Posted: 1/19/22 at 9:34am

2 hours??? Holy crap! Every time I learn something new about this production it makes me equally more excited and more perplexed. I have a love-hate relationship with this play, so I'm VERY curious to see how it plays cut down to 2 only hours. That's a full 1h45m shorter than the most recent Broadway production. 

Tom-497
#7Has anyone seen “Long Day’s Journey into Night” with Elizabeth Marvel et al.?
Posted: 1/20/22 at 12:44am

SPOILERS THROUGHOUT

 

 

I saw this evening's performance (second preview, I think). Even apart from the normal weaknesses of an early preview, I found it quite bad.

The update to August 2020 is extremely unconvincing. The jump forward more than 100 years from the original setting leads to such absurdities as a 21st-century New Yorker going on about visiting a whorehouse where one of the prostitutes plays piano in the parlor. Similarly (if my math is right), in this production Mary Tyrone would have been born in the mid to late 1960s, and yet she notes how -- in what would have been the late 1970s or early 1980s -- actors were rather poorly thought of in society. In fact, Mary's whole deeply Catholic character, nostalgic for a more innocent, spiritual girlhood in a convent, becomes nonsensical in this new context.

I can think of almost nothing positive to say about this production, but it did at least make me realize how successfully, and with what particularity, O'Neill recreated the concerns and patterns of speech of one family on a summer day in 1912 -- the dialog seldom rings even remotely true when placed in 2020. And, at around 2 hours, the show feels twice as long. (Which I guess could be intentional, given the title, but I doubt it.)

Next, for the sake of "relevancy," add in Covid, and you get, along with a lot of other foolishness, what to me was by far the worst moment of the production. When the tubercular Edmund starts hacking away, his father screams, "Stop coughing!" and leaps terrified from his seat to the far side of the stage. And Edmund then puts on a mask. This struck me as idiotic in itself and even more ridiculous given that -- in the depths of the pandemic -- the father and both sons have been out barhopping (on Long Island, rather than in Connecticut, it seemed to me, given the copy of Newsday that appears at one point).

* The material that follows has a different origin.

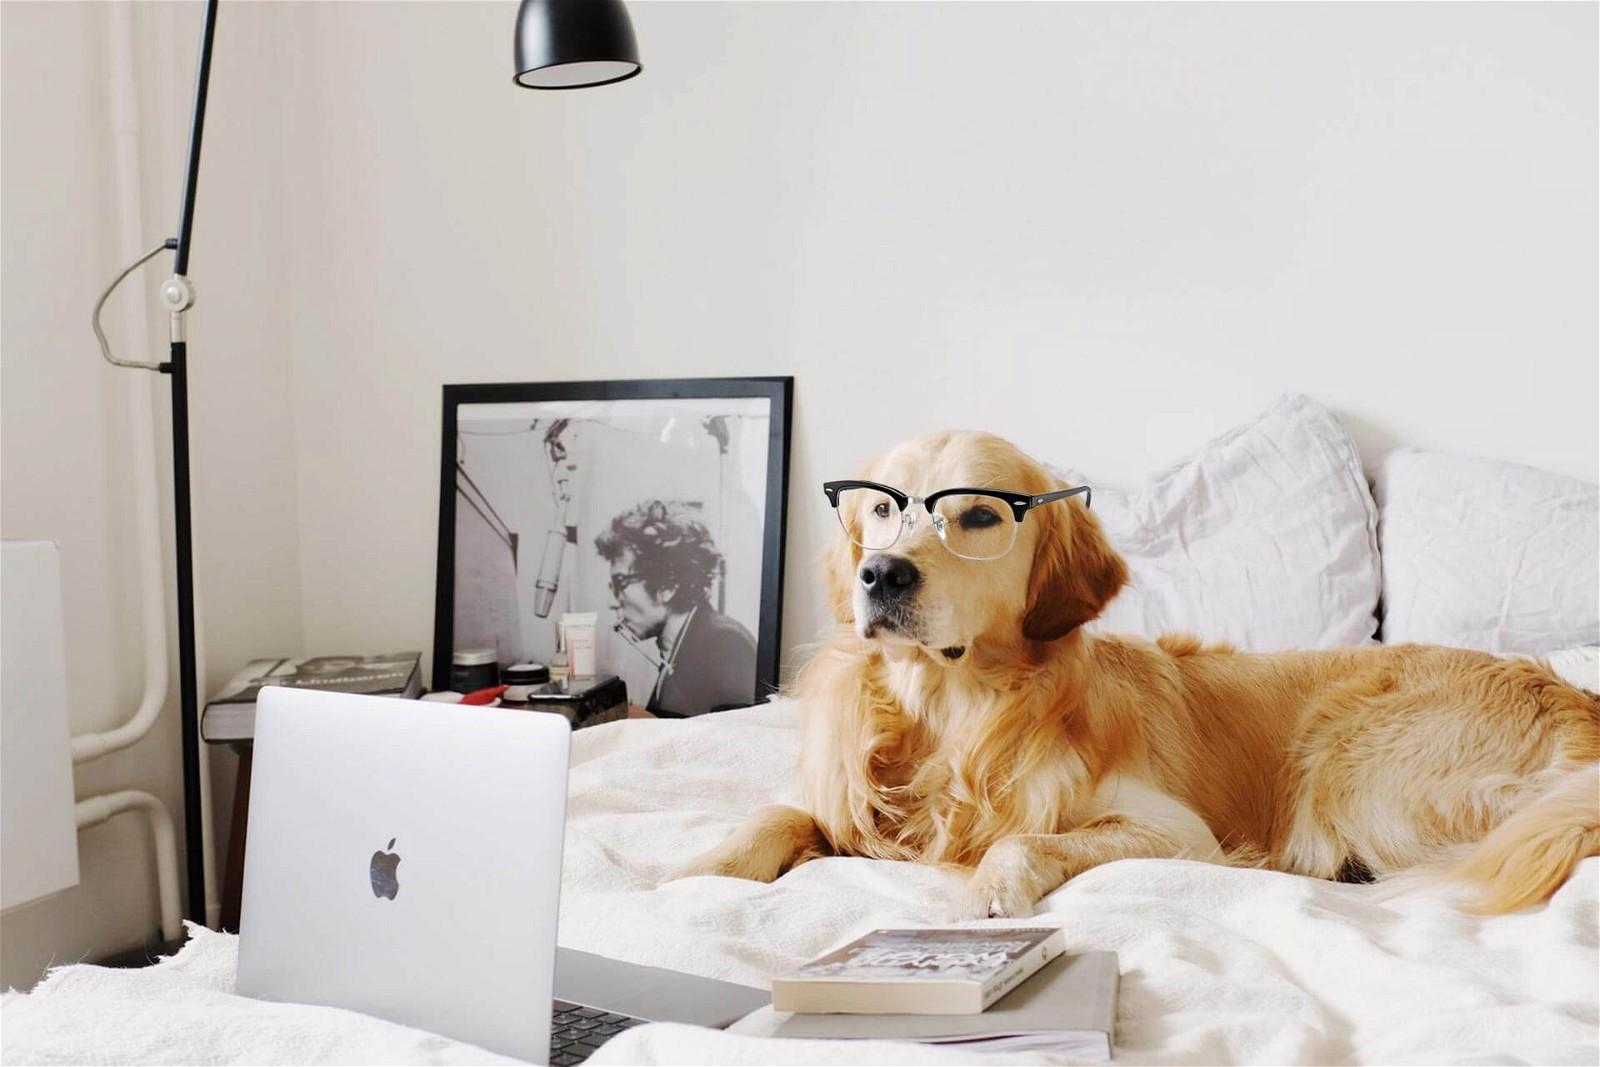 A dog wearing eyeglasses lies on a bed.

Other bad, ham-fisted, and/or pointless aspects of this production:

- we see Mary actually shooting up (4 separate times, if I recall)

- we get quaintly psychedelic projections to indicate that Mary is high

- we also get one set of projections that reminded me a lot of the Haunted House ride at Disneyland (to be fair, these actually looked pretty attractive)

- the times of day are projected (not too large or obtrusively); the first one says something like, "8:30 a.m." and the last very helpfully says, "Night."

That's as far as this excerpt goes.